▶ _About this exercise_:
Retype the lines of the material below, exactly and only, from the one containing "Netpatibles 8GB DDR3" through the last line, with pictures left out.

▶ _Data_:
◇ ◇ ◇

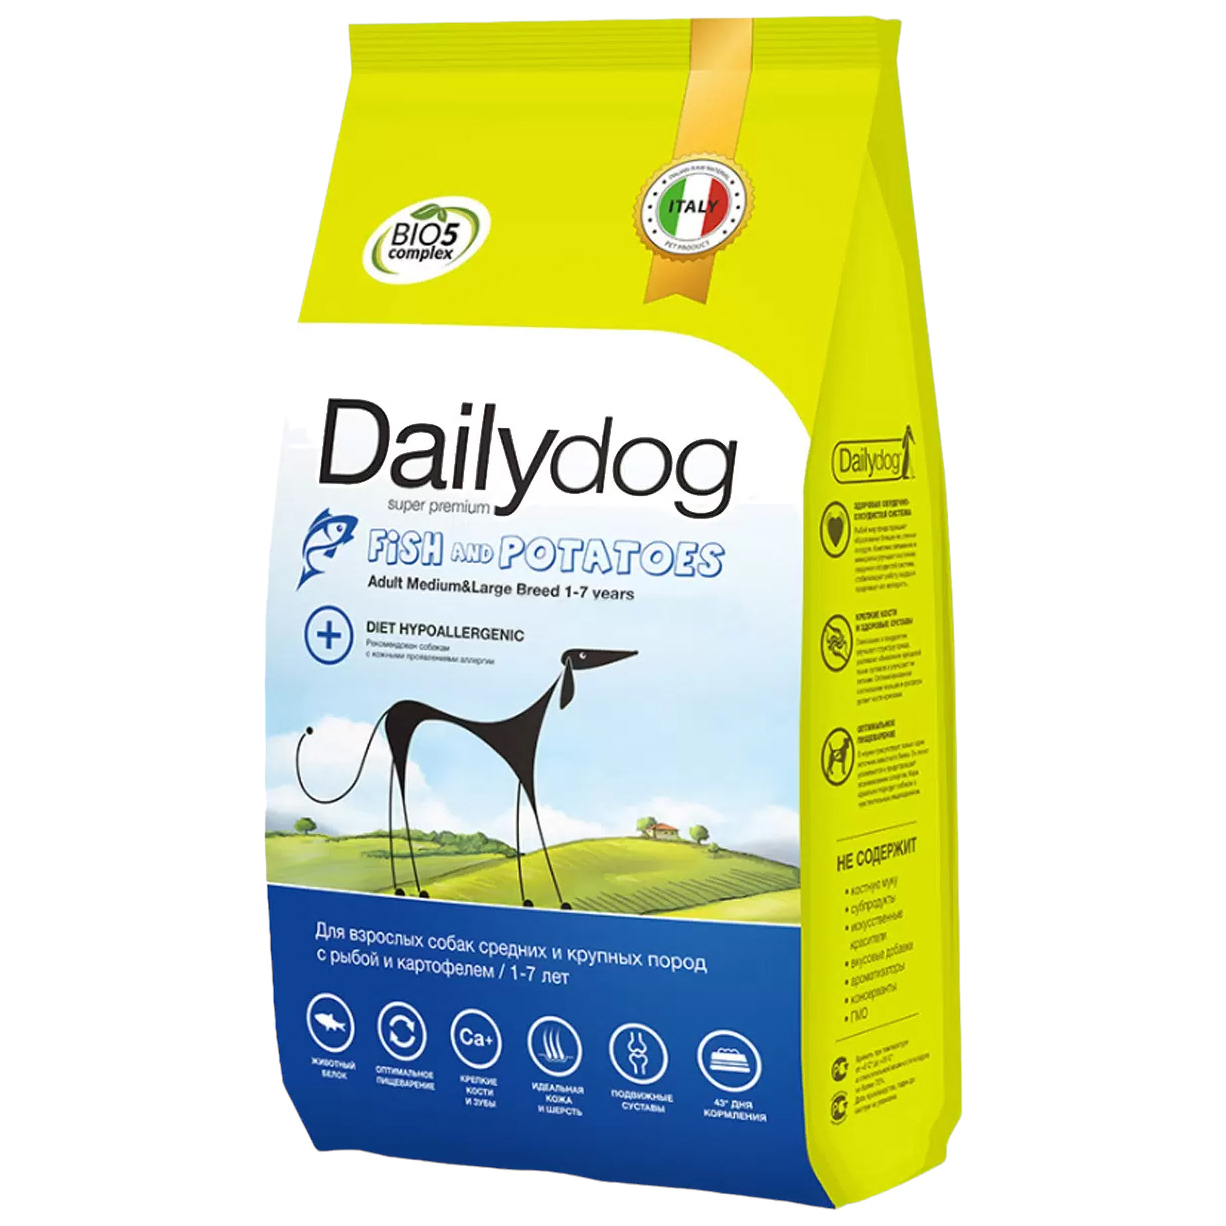 Сухой корм для собак Dailydog Adult Medium-Large Breed, рыба и картофель, 3кг
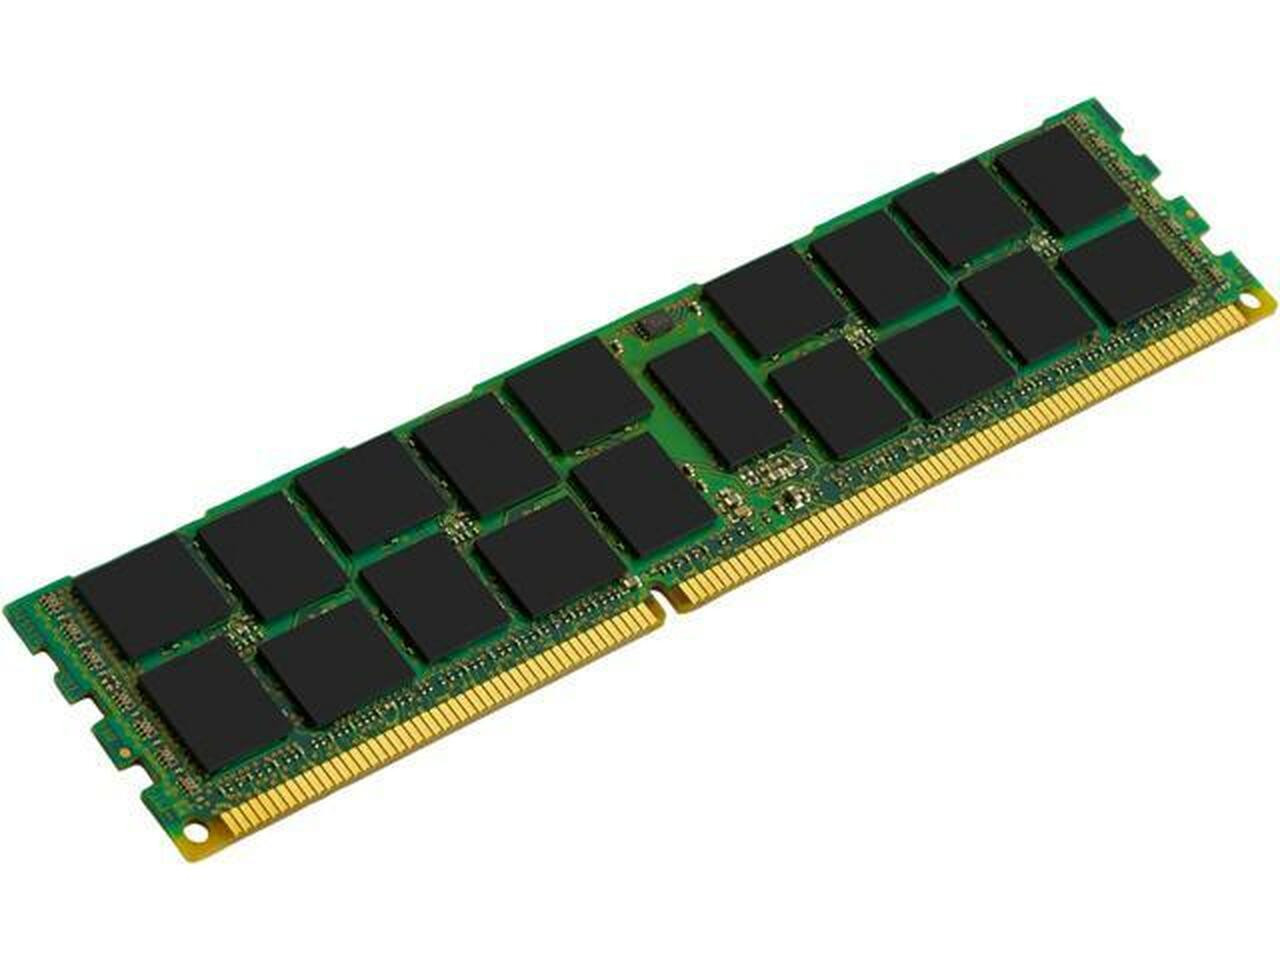 Netpatibles 8GB DDR3 SDRAM Memory Module - MEMDR380LHL09ER16NPM
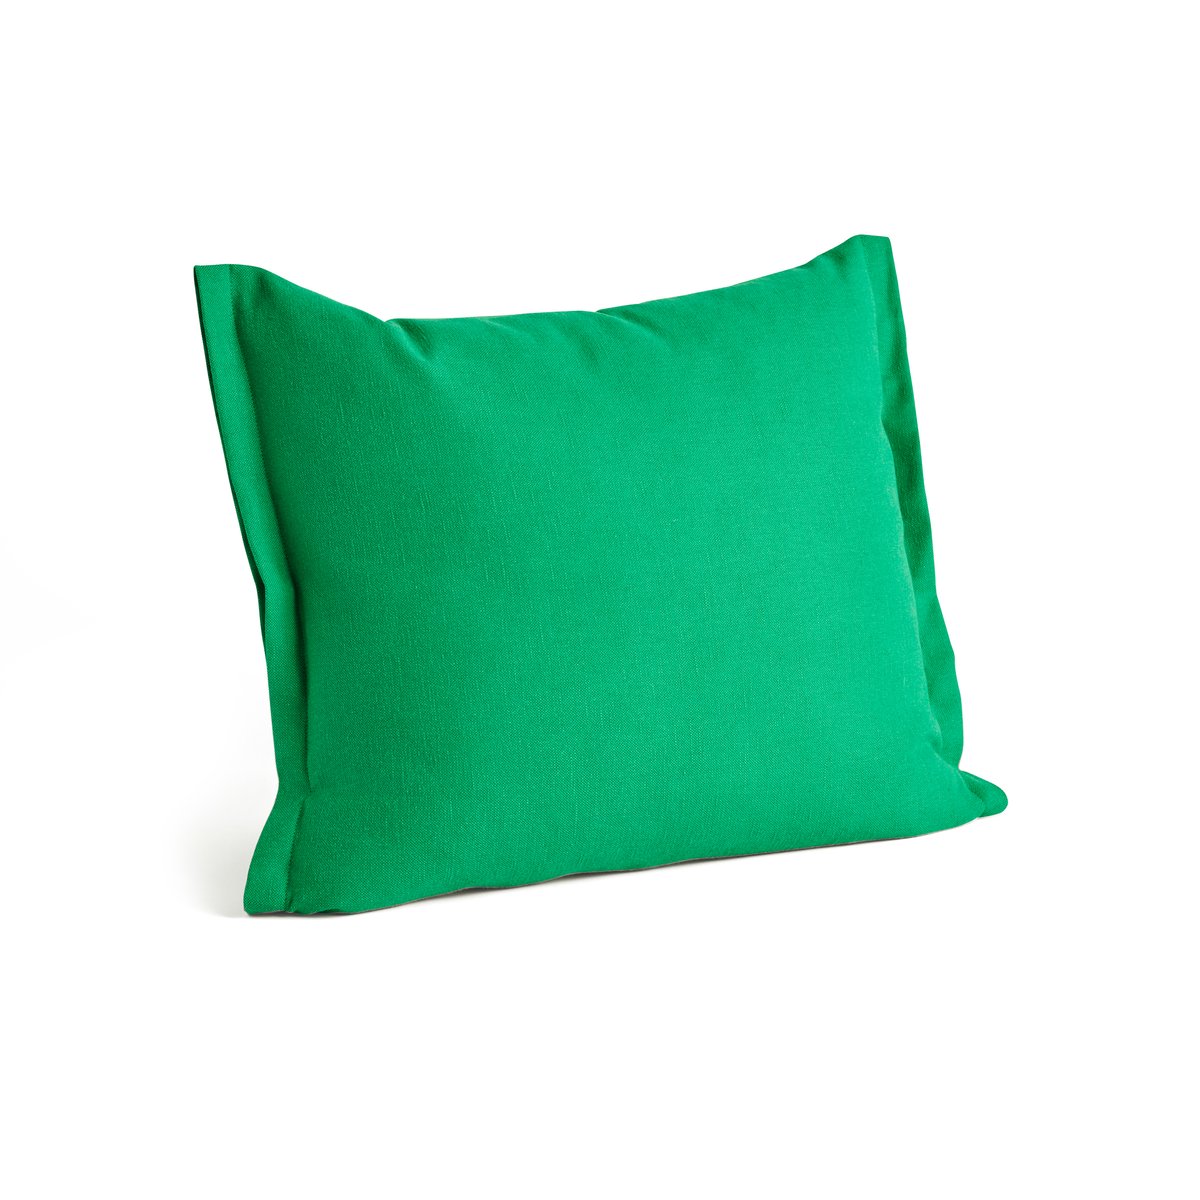 HAY Plica tyyny 55×60 cm Emerald green
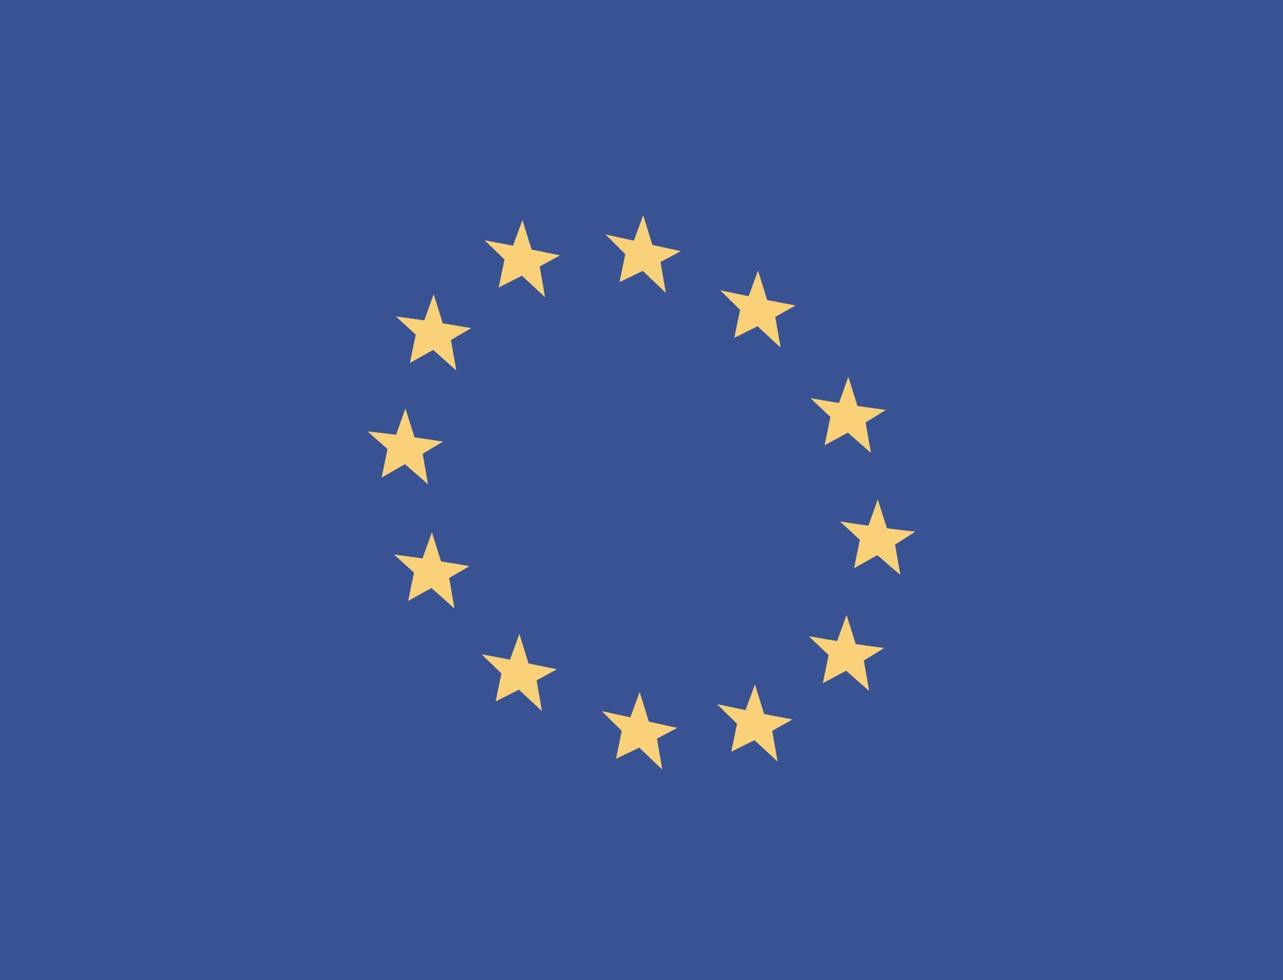 bandeira da união europeia e ilustração em vetor plana símbolo de países estrela.

◇ ◇ ◇

▶ _Answer space_:
 Netpatibles 8GB DDR3 SDRAM Memory Module - MEMDR380LHL09ER16NPM
 HAY Plica tyyny 55×60 cm Emerald green
 bandeira da união europeia e ilustração em vetor plana símbolo de países estrela.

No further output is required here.